Un sentiment d'humanité plus élevé, circule au travers
des vues intuitives des Stoïciens et des Épicuriens que chez
les anciens penseurs grecs.
Cette vue intuitive apparaît d'une manière plus subtile, plus
spirituelle chez les Sceptiques. Ils se disaient: quand l'homme se forme
des idées sur les choses, il ne peut le faire qu'à partir de
lui-même. Et ce n'est qu'en lui qu'il puise la conviction qu'à
une chose correspond bien une idée. Ils ne voyaient rien dans le monde
extérieur qui fournît un fondement reliant une chose à
une idée. Et tout ce qui était affirmé devant eux au
sujet de tels fondements, ils le considéraient comme relevant de l'illusion
et le combattaient.
Le trait fondamental de la vision sceptique, c'est la modération.
Leurs partisans n'osaient pas contester que dans le monde extérieur
il y eût une connexion entre l'idée et la chose; ils niaient
simplement que l'être humain pût discerner ce genre de connexion.
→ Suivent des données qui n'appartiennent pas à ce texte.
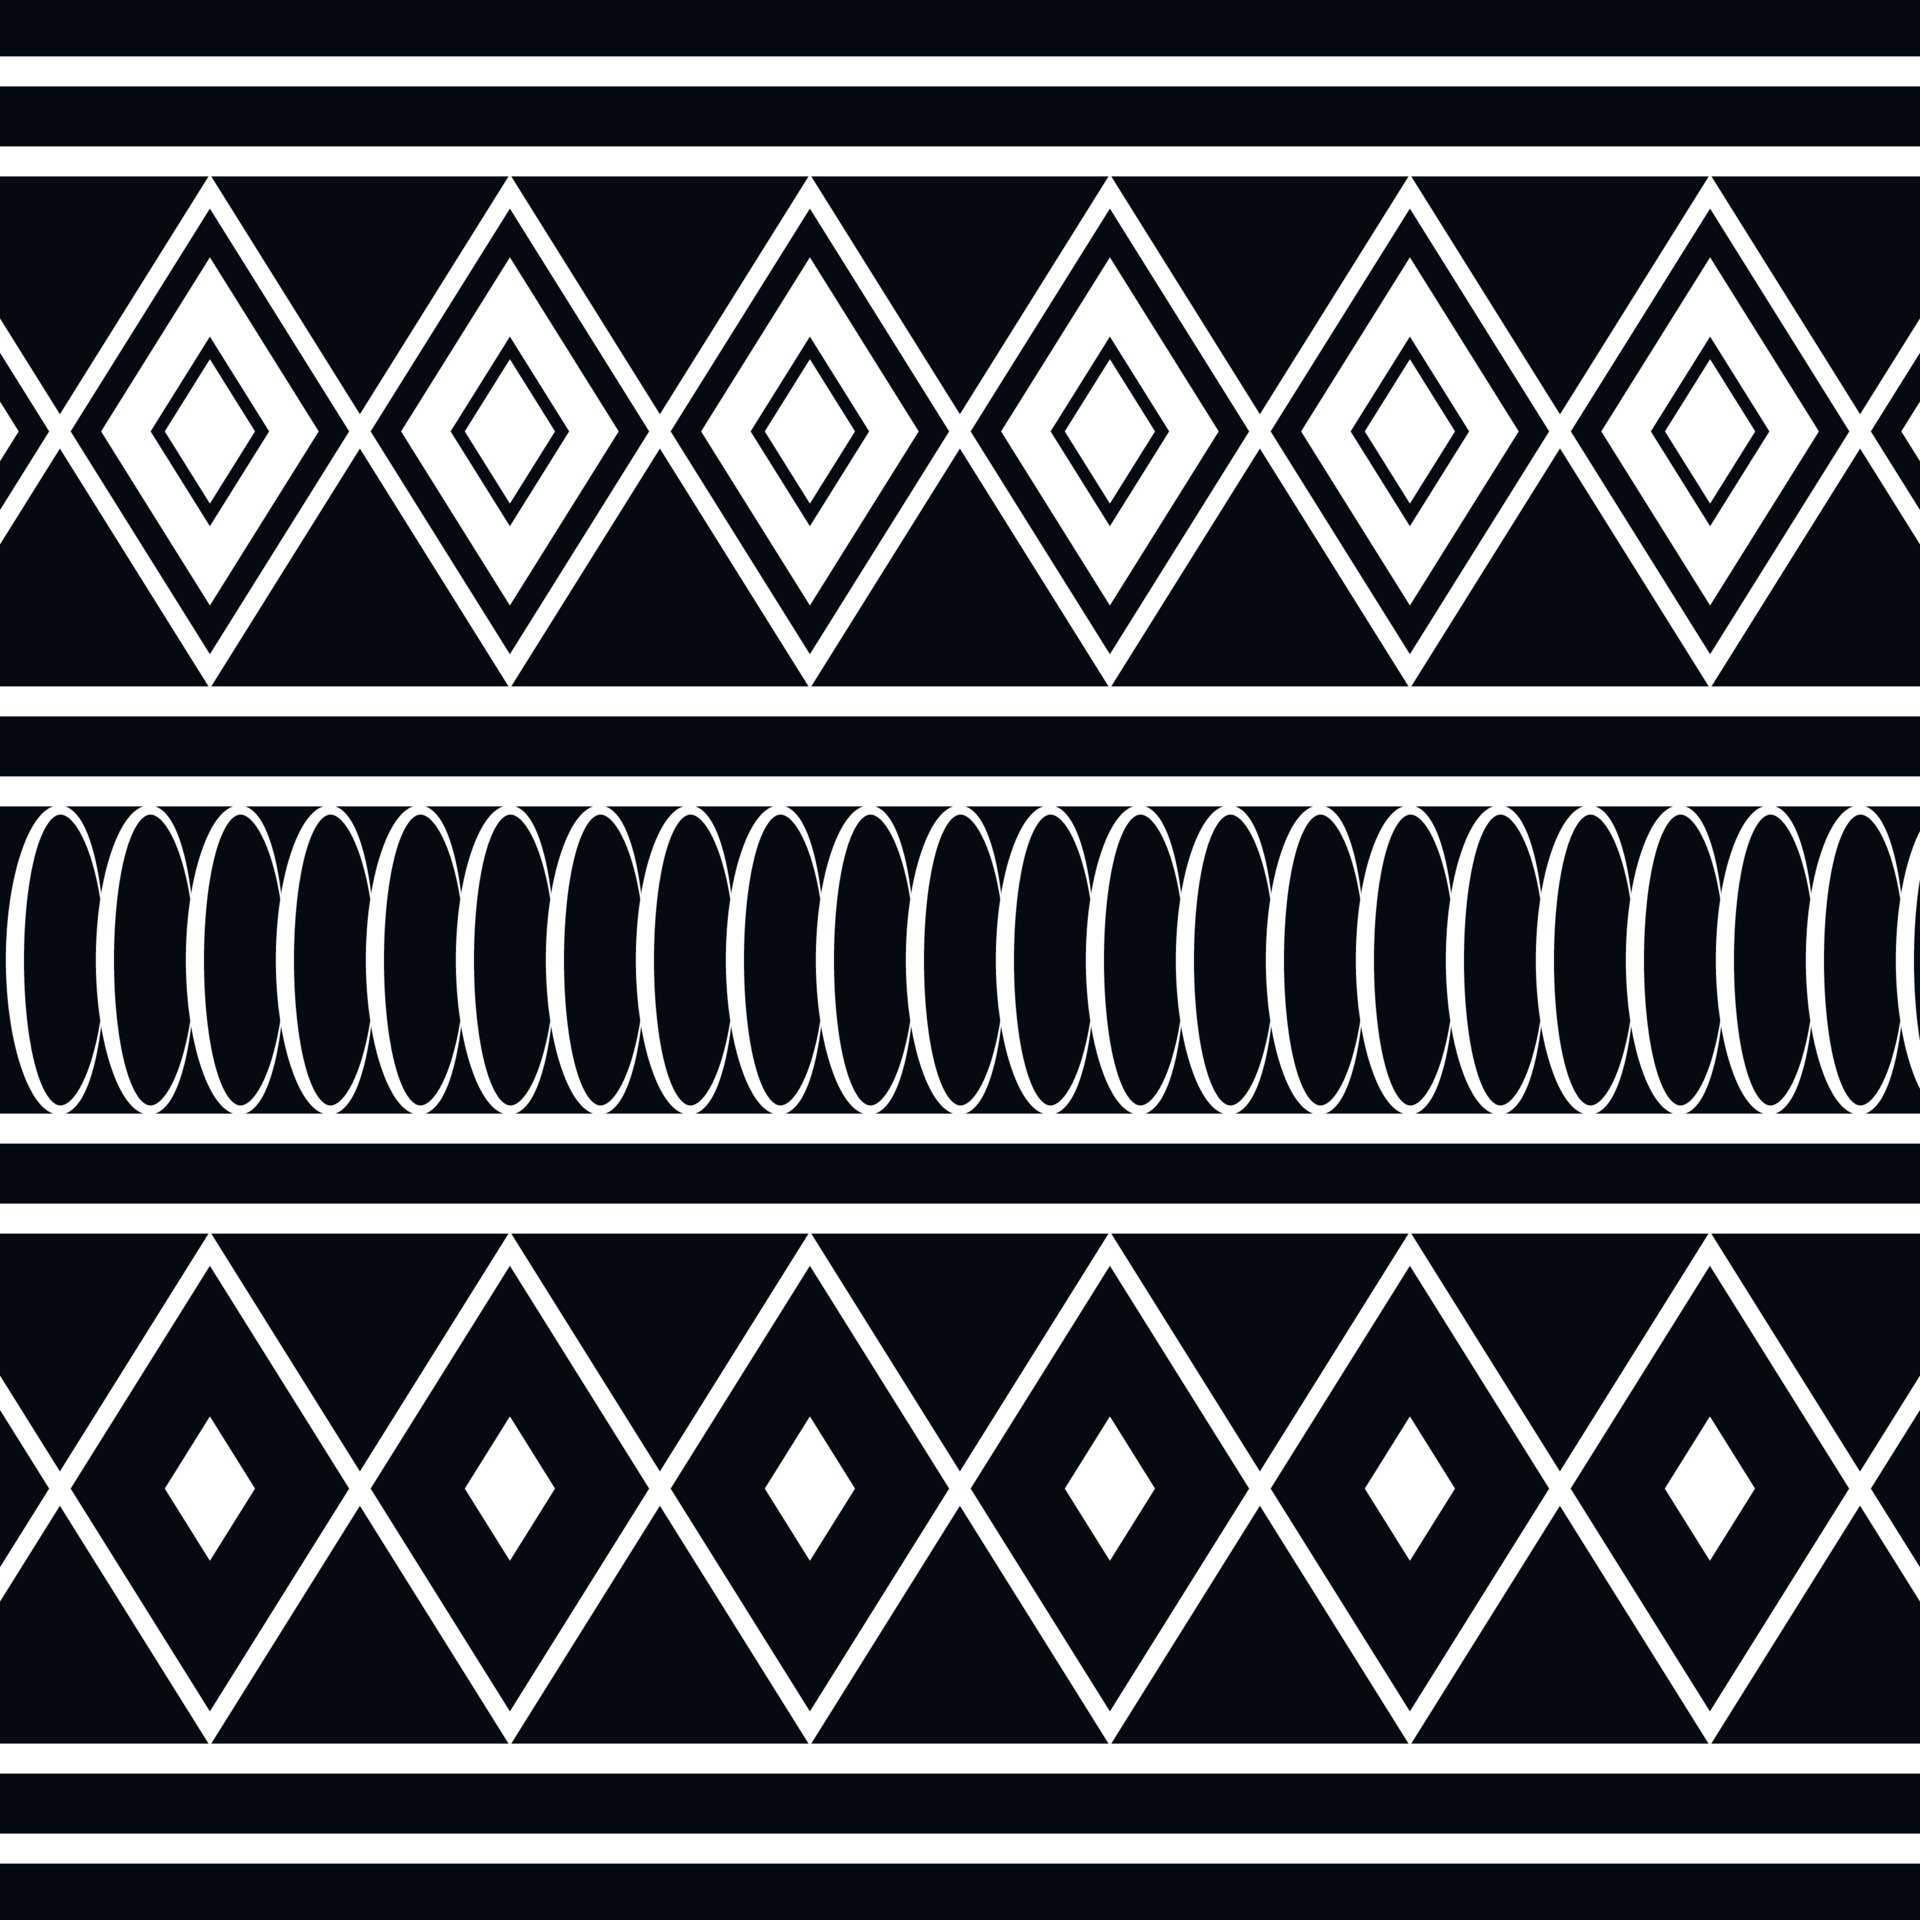 Nghệ thuật truyền thống của Papua New Guinea rất đặc sắc và phong phú. Từ các mô hình bản địa dân tộc cho đến các trang phục truyền thống, tất cả đều thể hiện sự đa dạng và độc đáo của dân tộc Papua. Xem những hình ảnh về nghệ thuật truyền thống nơi đây sẽ giúp bạn thêm hiểu biết và yêu thích nền văn hóa này.

C'est la raison pour laquelle, ils faisaient certes de l'être humain
la source de ses connaissances; mais ils ne considéraient pas cette
connaissance comme l'expression d'une vraie sagesse.
Au fond, le Scepticisme représente la faillite de la connaissance
humaine. L'être humain se soumet au préjugé qu'il a lui-même
construit, et qui consiste à penser la vérité comme
existante et achevée à l'extérieur, suite à la
conviction acquise que sa vérité à lui n'étant
qu'intérieure elle ne peut donc, somme toute, s'avérer légitime.
Avec une confiance sans réserve dans la vigueur de l'esprit humain,
Thalès avait entrepris de réfléchir sur le monde. Tout
doute, sur ce que cette méditation doit considérer comme fondement
de l'univers et qui ne pourrait pas l'être en réalité,
restait parfaitement éloigné de sa croyance naïve dans
la faculté cognitive de l'être humain. Chez les Sceptiques,
c'est le renoncement complet à toute vérité vraie qui
surgit à la place de cette croyance. Le cheminement évolutif
du penser grec se déplace entre ces deux extrêmes: la confance
aveugle et naïve dans la capacité de connaissance humaine et
l'absence totale de confiance. On peut comprendre ce cheminement évolutif
si on prend en compte la façon dont les représentations sur
les causes premières de l'univers ont changé. Ce que les plus
anciens des philosophes grecs pensaient comme principes originels, possédait
des qualités et des attributs qui relevaient encore des sens. On avait
donc le droit de situer ces causes premières dans le monde extérieur.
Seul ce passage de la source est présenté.